Proposals for new federal taxes are still out there
The taxes which were part of the Obama administration's fiscal 2010 budget request did not make it into either the US Senate or House's broad reconciliation proposals. That doesn't mean they won't be considered.
The oil and gas tax increases which were part of the Obama administration's fiscal 2010 budget request did not make it into either the US Senate or House's broad reconciliation proposals in early April. That doesn't mean that they won't be considered.
Industry observers told me that the taxes and fees could show up in other legislation, possibly the energy bill which is being developed by the Senate Energy and Natural Resources Committee.
The proposals include excluding refiners from a tax credit other domestic manufacturers use to compete against overseas firms which receive subsidies from their governments. "US refiners are closely connected to the world oil market.

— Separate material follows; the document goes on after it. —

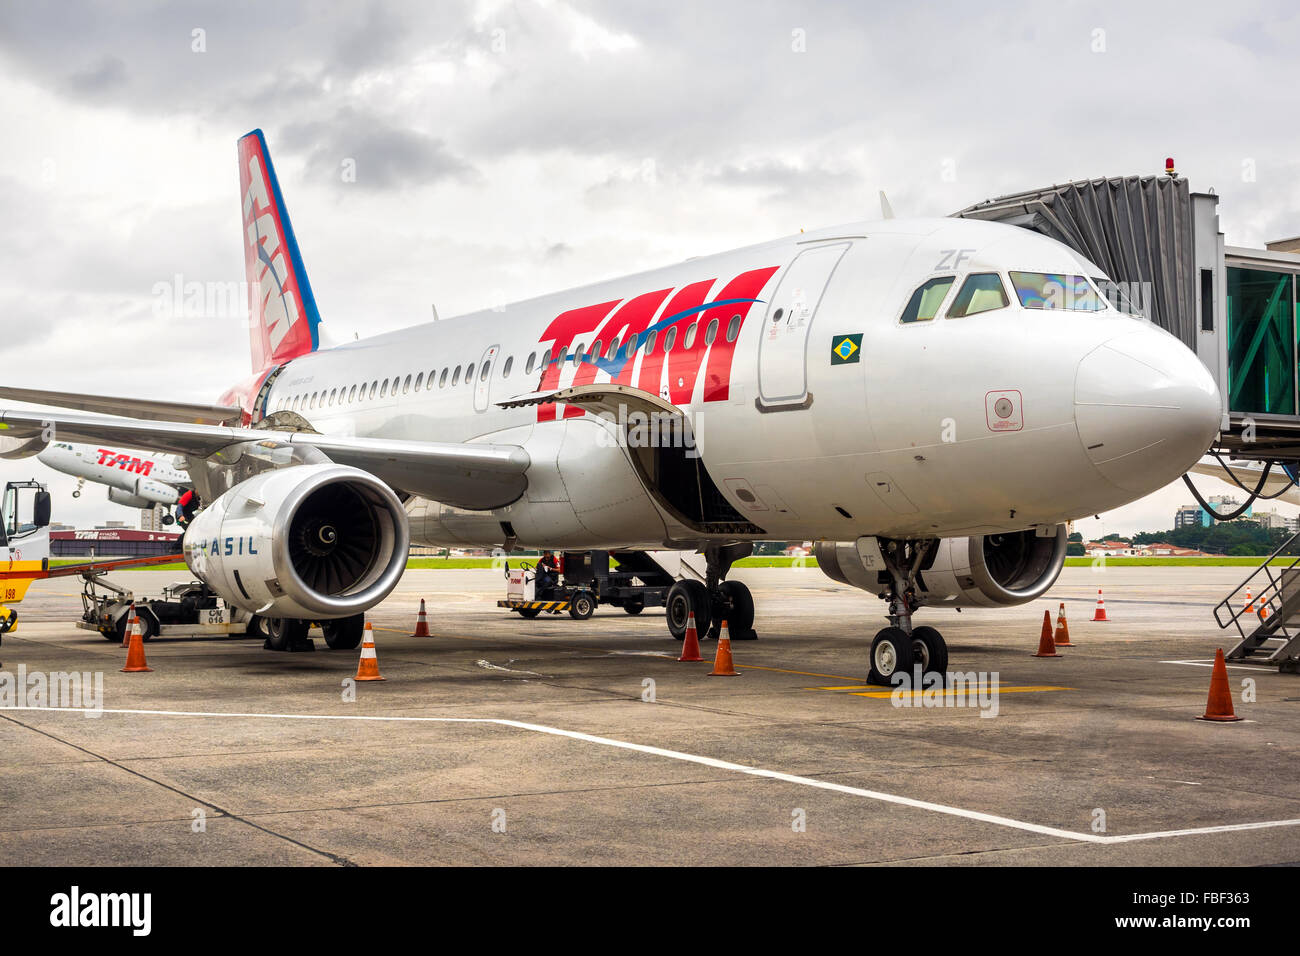 TAM Airlines Airbus 320 garée à l'aéroport de Guarulhos à Sao Paulo, Brésil. TAM est la marque brésilienne de Latam Airlines. Banque D'Images

Removing this tax credit would simply move more refining out of the country," said Lou Pugliaresi, president of Energy Policy Research Foundation Inc.
Independent producers have been among the most active groups against the proposals. "It will be Issue No. 1 for us when we come back there on Apr. 20," said Rock Zierman, president of the California Independent Petroleum Association.
Shares goal, but. . .
"We share the president's goal of wanting to wean the United States off foreign oil, but you can't do it by killing domestic production. That's what his tax proposals would do," he continued.
The Independent Petroleum Association of Mountain States was in the midst of its members' Washington call-up when the House and Senate passed budget reconciliation bills.
IPAMS members tried to convey the message that more natural gas will be needed to achieve clean energy goals which congressional Democrats and the White House have set, according to Jon Bargas, public affairs director for IPAMS.
"We were encouraged by most of our meetings. We tried to concentrate on members who would understand the adverse impacts these proposed tax increases would have particularly on small, independent producers," he told me.
IPAMS members visited not only members of Congress from the Rocky Mountains, but also freshman Democrats from previously Republican districts, Bargas said. "A lot of them hadn't realized how harmful and extensive these tax increases would be to small independent producers or how much of our national gas comes from the Intermountain West," he said.
The upstream independents from the Rockies also explained that they're feeling the economic recession too, and that their industry is responsible for about 150,000 jobs in the region.
"With low commodity prices and shortage of capital, and our industry's high reinvestment rate, it made our message clear that increasing taxes could hurt our industry and make it more difficult for us to help achieve reduced greenhouse gas emissions and other environmental goals," Bargas said.
"We face a struggle based on the economic cycle and the reality of energy prices today. The number of active drilling rigs across the country has fallen by half the past few months. Our members have been through this before and can handle it. But throwing in more taxes now would be a serious mistake," said Zierman.